Directions: From the first line of the material through the line containing "Die östereichische Weißweintraube", restate everything word for word and nothing more.

Task data:
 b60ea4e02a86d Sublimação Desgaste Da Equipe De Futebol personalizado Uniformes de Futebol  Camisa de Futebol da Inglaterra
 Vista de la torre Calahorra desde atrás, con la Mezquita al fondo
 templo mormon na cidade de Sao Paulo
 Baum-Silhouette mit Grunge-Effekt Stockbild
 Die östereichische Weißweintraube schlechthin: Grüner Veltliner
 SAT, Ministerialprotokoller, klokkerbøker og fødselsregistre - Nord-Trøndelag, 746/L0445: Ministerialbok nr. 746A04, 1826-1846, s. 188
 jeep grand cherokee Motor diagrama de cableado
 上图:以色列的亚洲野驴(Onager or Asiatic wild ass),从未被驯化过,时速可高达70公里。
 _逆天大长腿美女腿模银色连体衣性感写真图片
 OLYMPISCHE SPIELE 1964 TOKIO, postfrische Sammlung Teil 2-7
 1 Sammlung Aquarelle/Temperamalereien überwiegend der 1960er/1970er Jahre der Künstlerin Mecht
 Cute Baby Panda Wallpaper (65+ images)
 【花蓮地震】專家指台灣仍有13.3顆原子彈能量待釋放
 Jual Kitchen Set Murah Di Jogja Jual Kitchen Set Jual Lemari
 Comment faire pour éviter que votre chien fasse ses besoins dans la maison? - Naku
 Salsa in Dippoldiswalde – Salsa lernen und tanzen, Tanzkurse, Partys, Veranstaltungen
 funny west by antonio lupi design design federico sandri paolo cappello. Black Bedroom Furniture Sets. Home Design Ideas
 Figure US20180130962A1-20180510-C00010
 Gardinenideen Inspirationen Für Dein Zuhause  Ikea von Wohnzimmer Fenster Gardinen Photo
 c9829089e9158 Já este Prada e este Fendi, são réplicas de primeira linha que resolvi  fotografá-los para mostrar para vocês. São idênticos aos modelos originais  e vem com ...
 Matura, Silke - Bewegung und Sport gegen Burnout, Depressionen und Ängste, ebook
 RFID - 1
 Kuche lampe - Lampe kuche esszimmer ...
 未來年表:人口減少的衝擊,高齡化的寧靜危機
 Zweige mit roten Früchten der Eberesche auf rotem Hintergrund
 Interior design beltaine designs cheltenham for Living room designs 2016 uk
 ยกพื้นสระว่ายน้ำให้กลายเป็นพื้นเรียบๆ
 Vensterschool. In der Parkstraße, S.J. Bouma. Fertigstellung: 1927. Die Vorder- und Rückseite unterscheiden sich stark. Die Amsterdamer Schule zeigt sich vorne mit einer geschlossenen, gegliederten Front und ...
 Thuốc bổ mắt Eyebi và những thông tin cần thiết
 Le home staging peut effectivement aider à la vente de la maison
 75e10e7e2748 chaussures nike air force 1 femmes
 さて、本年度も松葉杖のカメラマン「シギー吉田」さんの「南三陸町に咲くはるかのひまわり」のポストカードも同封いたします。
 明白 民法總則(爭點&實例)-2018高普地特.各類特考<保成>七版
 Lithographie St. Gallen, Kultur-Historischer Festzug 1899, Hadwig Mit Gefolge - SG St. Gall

Your solution:
 b60ea4e02a86d Sublimação Desgaste Da Equipe De Futebol personalizado Uniformes de Futebol  Camisa de Futebol da Inglaterra
 Vista de la torre Calahorra desde atrás, con la Mezquita al fondo
 templo mormon na cidade de Sao Paulo
 Baum-Silhouette mit Grunge-Effekt Stockbild
 Die östereichische Weißweintraube schlechthin: Grüner Veltliner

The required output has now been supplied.